In between ownership, the Gin Mill and its surrounding area fell into disrepair. Squatters moved in. The porch nearly collapsed, and the interior was looted and filled with trash. A few years ago, the Burnhams lead a restoration effort, sifting through years of trash to separate the business cards and memorabilia from the rubbish to bring the Gin Mill back to life. Along the way they found countless artifacts from the past, like a frying pan that Sabin used to make burgers.
All dried up
Today, the Gin Mill is owned by Jeffrey Vanover, a financial planner living in Houston, Texas. Vanover originally had plans to restore the cabins and re-open the bar but, according to Burnham, he is no longer moving forward with those plans. Much to the dismay of some visitors, the new owner also let the liquor license expire. The Gin Mill was one of the only bars in the county with an active liquor license, and it was arguably the biggest selling point of the property.

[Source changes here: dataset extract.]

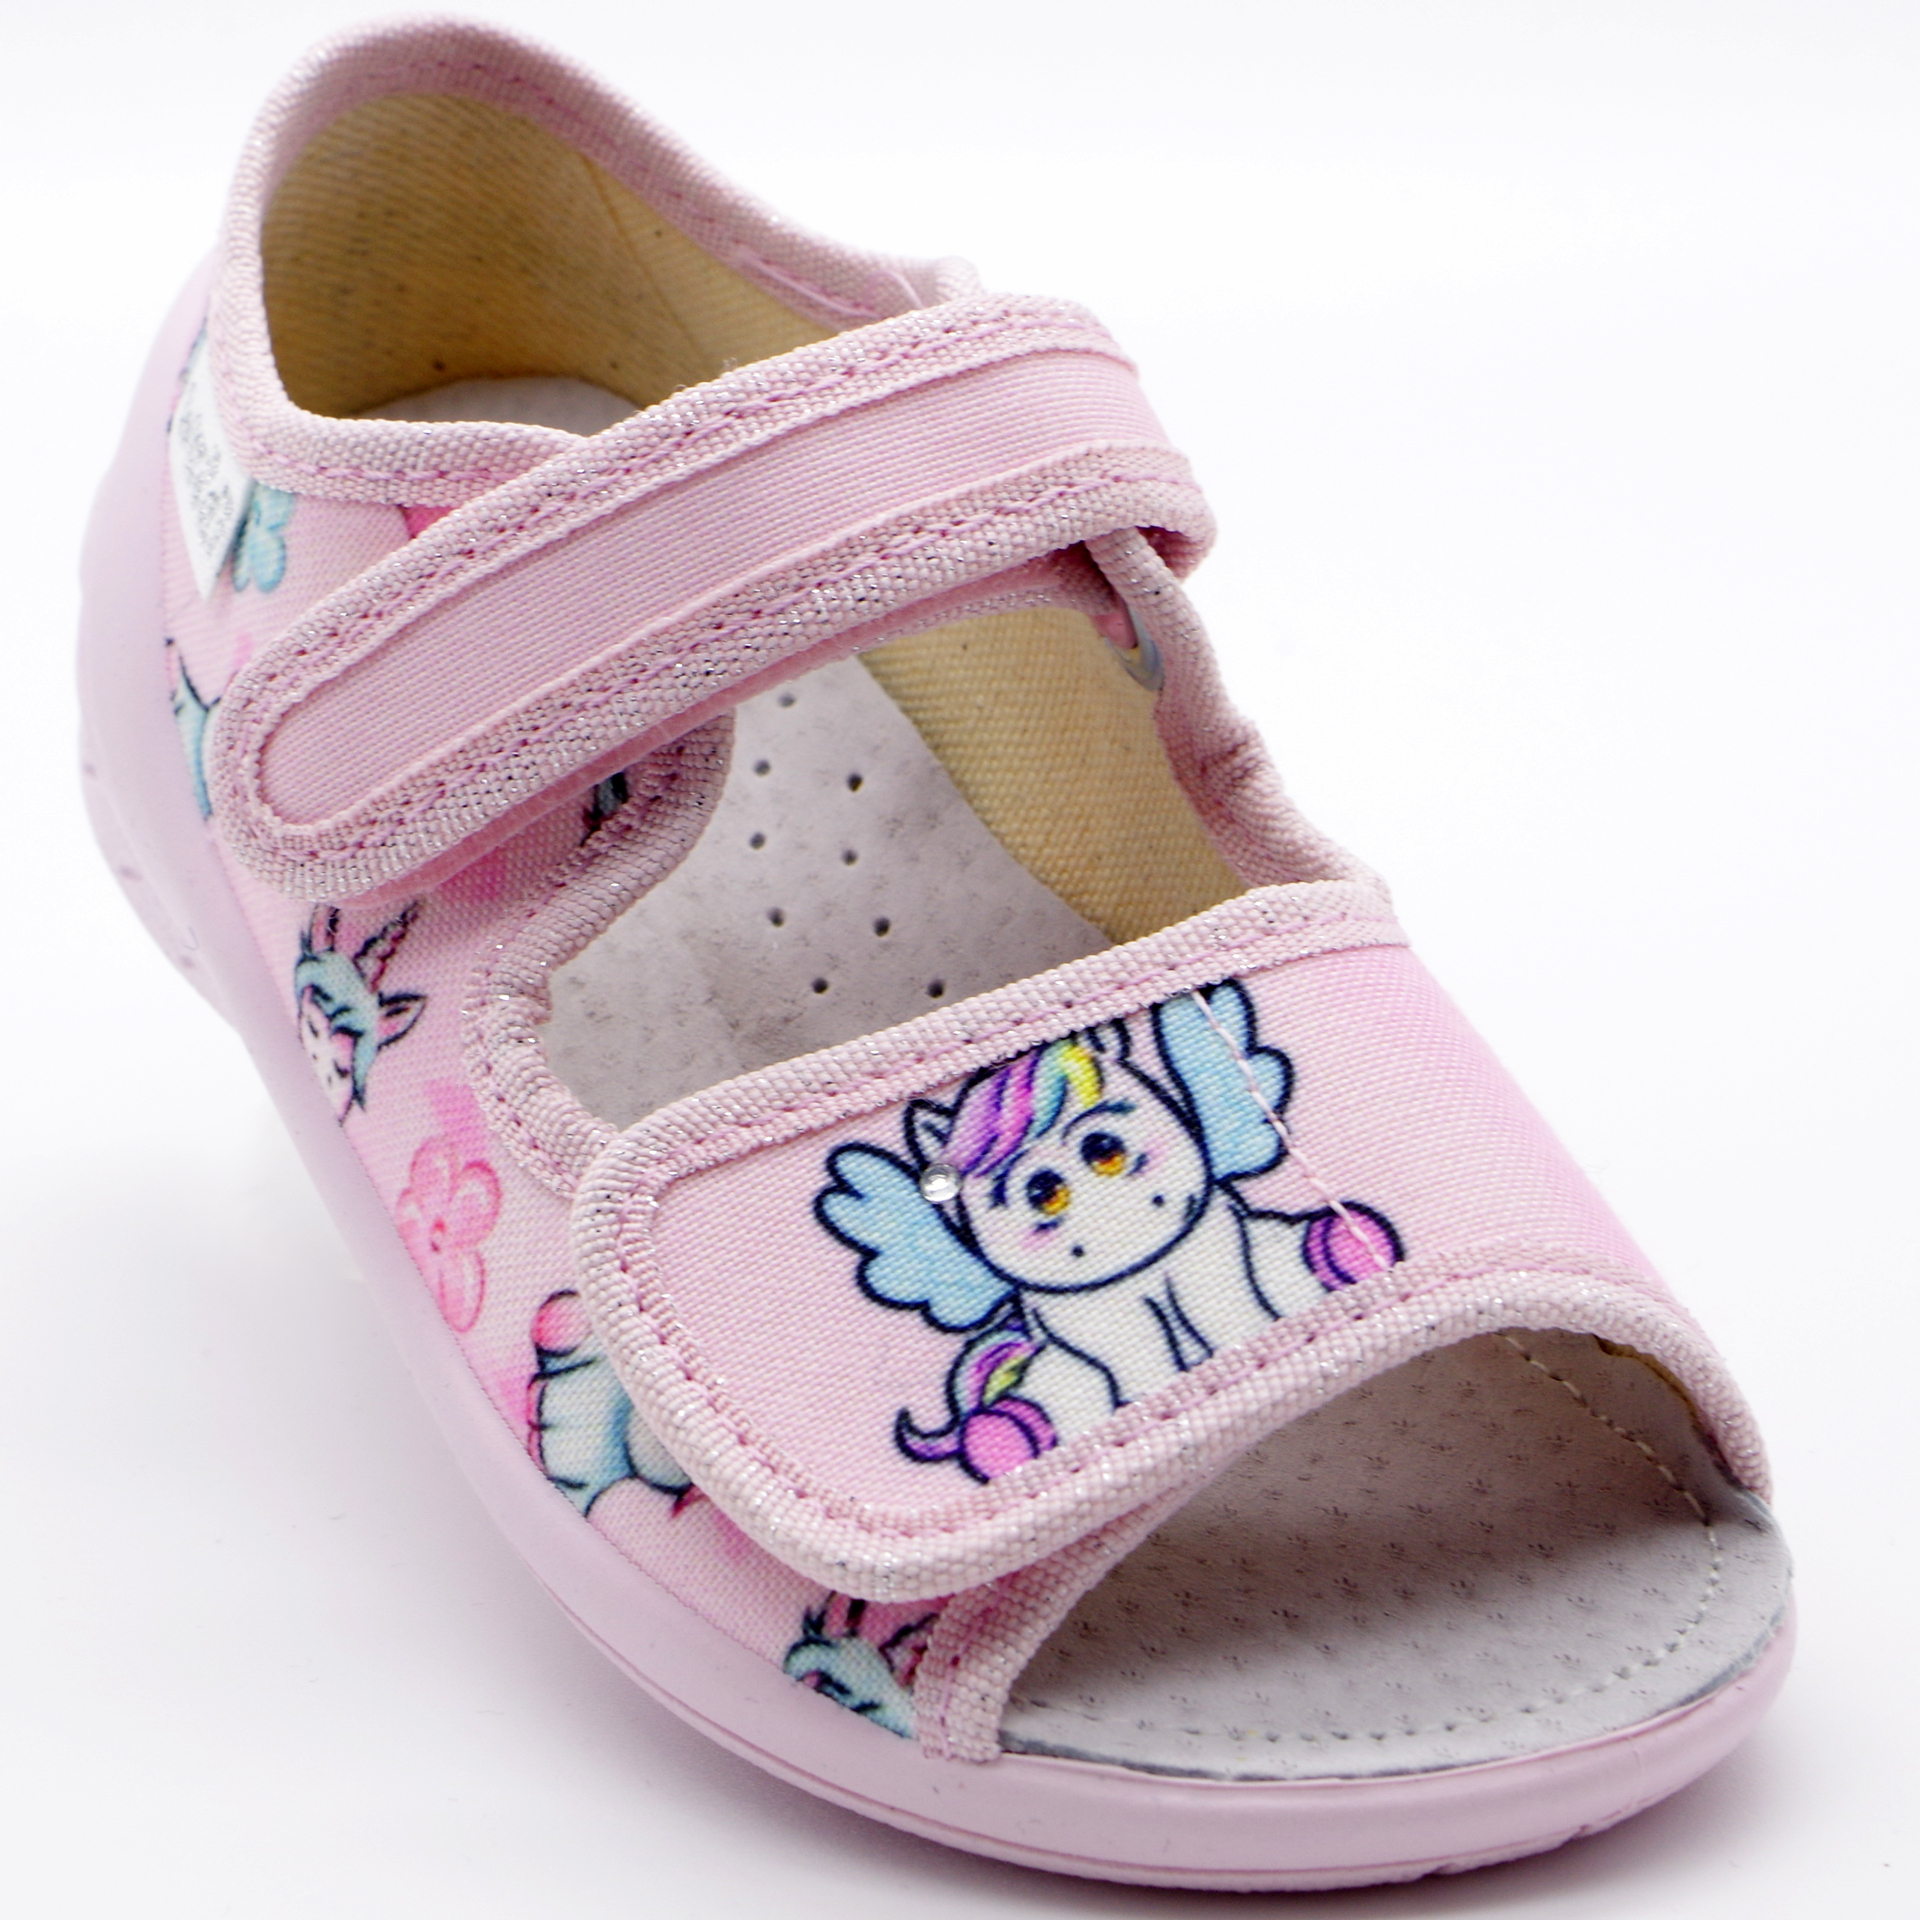 Текстильная обувь для девочек Тапочки Ева Единорог (2180) цвет Микс 23-30 размеры – Sole Kids. Фото 1
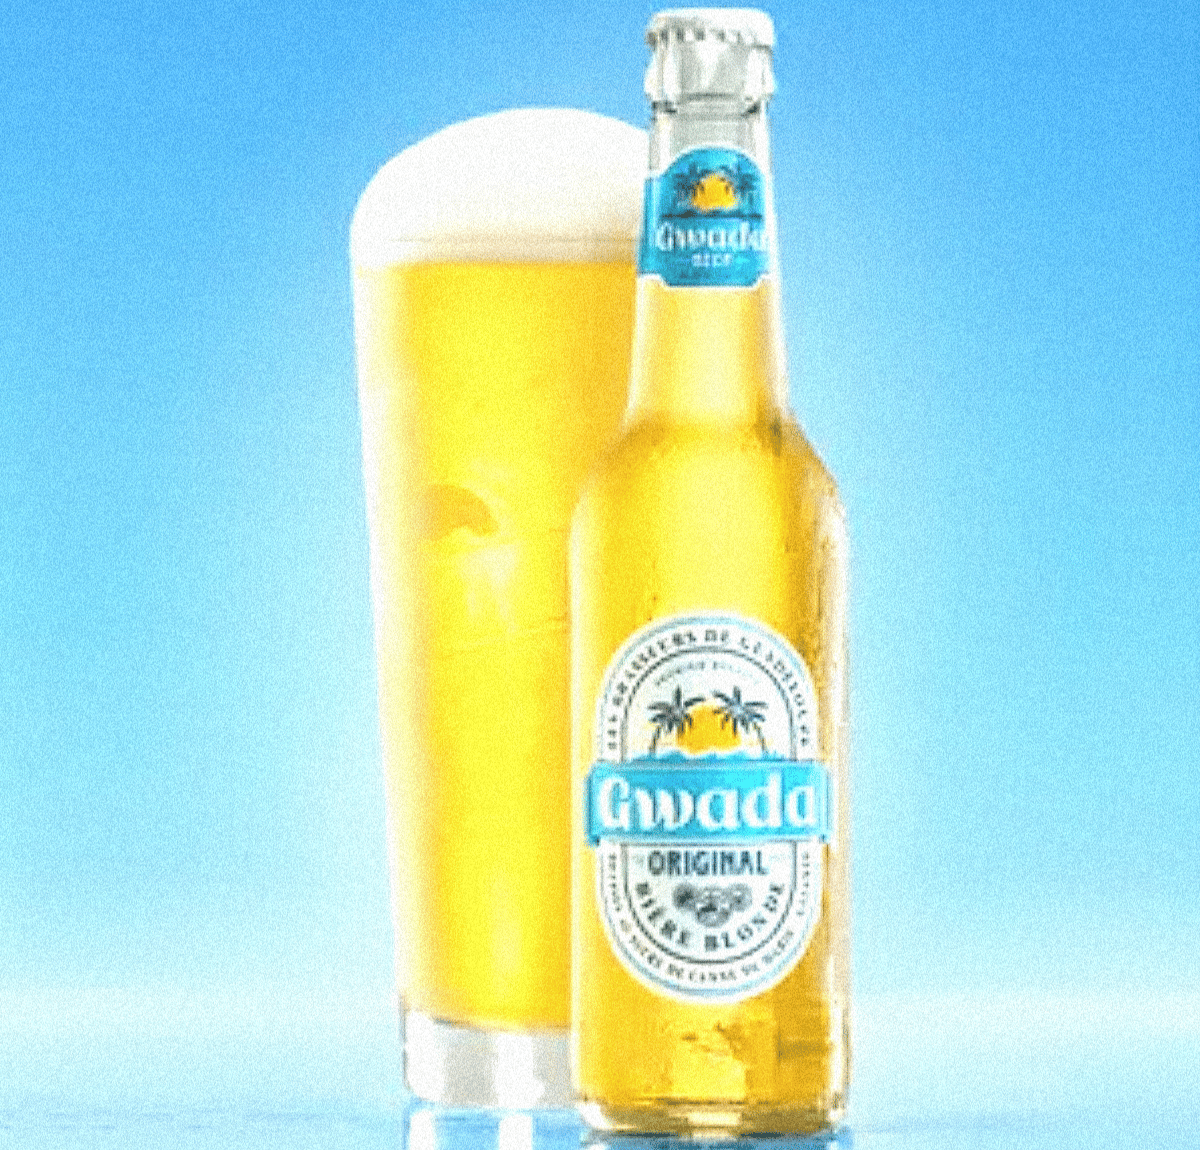 image d'une bière gwada et d'un verre rempli avec une belle mousse généreuse sur le dessus, le tout sur un fond bleu ciel

But not everybody thinks it’s a bad thing that the Gin Mill is no longer serving alcohol. “I don’t think it should ever be a bar again,” Burnham says. He tells me he’d rather see the Gin Mill evolve into a museum of some kind. Many people agree with him, citing the dangerous road as just one reason for people not to drink before driving home.
Candy cigarettes placed on the bar in the Gin Mill. | Photo: Lexis-Olivier Ray American flag on the porch of the Gin Mill, Shirley’s truck in the background. | Photo: Lexis-Olivier Ray A longtime visitor of the Gin Mill retraces history on the exterior of the bar. | Photo: Lexis-Olivier Ray
While I visit, the closest thing you can get to a beer is a root beer—but that hasn’t stopped people from bringing their own booze.
During the ‘90s, the Gin Mill used to draw a real crowd. “You would come down here and there would be five people, and then before you knew it there would be 200, and then later there would be 600,” says Doug, a former regular who now lives in Ojai.
While there’s only a few dozen people here today, the place still looks and feels like a bar. For some, it’s a reunion—but the bar has served so many people that most of the former customers are just meeting each other for the first time. Each of them is contributing a little bit to the long history of the Gin Mill. The bar may not be serving alcohol anymore, but it’s still bringing people together.
A note from the author
“In early August, 2021, the Gin Mill was destroyed by the Dixie Fire, at the time the second largest wildfire in California history. Mark Burnham told me that he was able to save a hundred or so cards from the walls, the piano chair, the drop-down portion of the bar, and a few other artifacts.”